Mason Fine still remembers the days of being a 165-pound, sixth-string quarterback when he first arrived in Denton.
On one of those days, Fine pulled out a piece of paper from his backpack and wrote down his plan. It was simple. Forget redshirting during his freshman year; Fine was going to start. Sophomore year, he’d earn all-conference. By senior year, he’d be an All-American.
Fine showed his plan to some of his friends and they laughed. Well, 9,400 passing yards, 64 passing touchdowns and a pair of C-USA Offensive Player of the Year picks later, and Fine has the last laugh.
“I’ve been on a good track,” Fine said. “I haven’t accomplished some of those, but dang it, I’ve aimed high and I’ve missed, but I’ve accomplished a lot.”

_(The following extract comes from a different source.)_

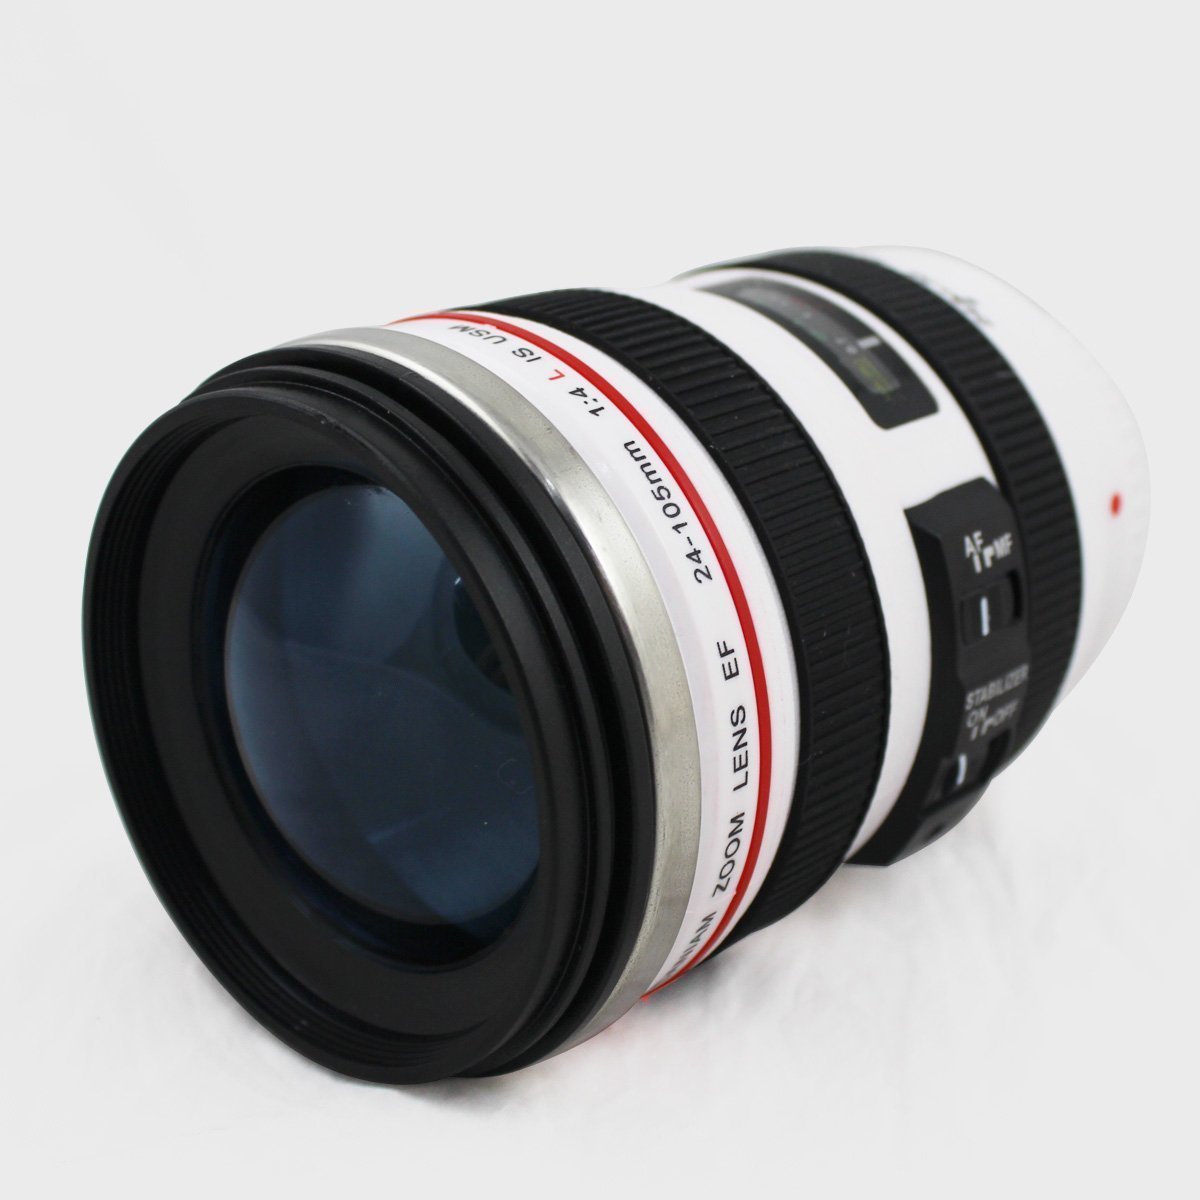 レンズ型 マグカップ タンブラー カメラ レンズ仕様 24ー105ミリタイプ 保温 コーヒーカップ ホワイト

That’s putting it mildly. Fine has teamed up with Seth Littrell to completely transform North Texas, both on and off the field. The senior already tops the UNT record books in passing yards, completions and 300-yard passing games. Early next season, he’ll clinch the mark for most passing touchdowns, too. Far more important, Fine led North Texas to the winningest three-year stretch since Hayden Fry.
When offensive coordinator Bodie Reeder was at Oklahoma State, he remembers seeing Fine tearing up high school defense at Locust Grove in Oklahoma. But after getting an early commitment from another quarterback at OSU, Fine never became a priority. Getting a second chance to work with Fine at UNT was a huge draw.
“It’s a freaking blessing,” Reeder said. “He’s sharp; he picks up everything I put at him. He has a chance to be better than anyone that I’ve been around. Everyone in the country missed on him. He could play anywhere.”
Those words carry heavy weight. Reeder worked with Pittsburgh Steelers quarterback Mason Rudolph at Oklahoma State and with two- time Walter Payton Trophy finalist Gage Gubrud at Eastern Washington.
In his head, Fine is still the same skinny college freshman who has to prove himself. But heading into year four, he has a chance to leave this program is one of the greatest to ever do it in Denton.
“If you’re going to be up here eight hours a day, you might as well be great at it,” Fine said. “I didn’t want to be here and just be mediocre. It’s not a cocky thing; it’s a confidence. I try to be great every day, for myself, but also for the guys to the right and left of me, because I owe it to my coaches and my teammates.”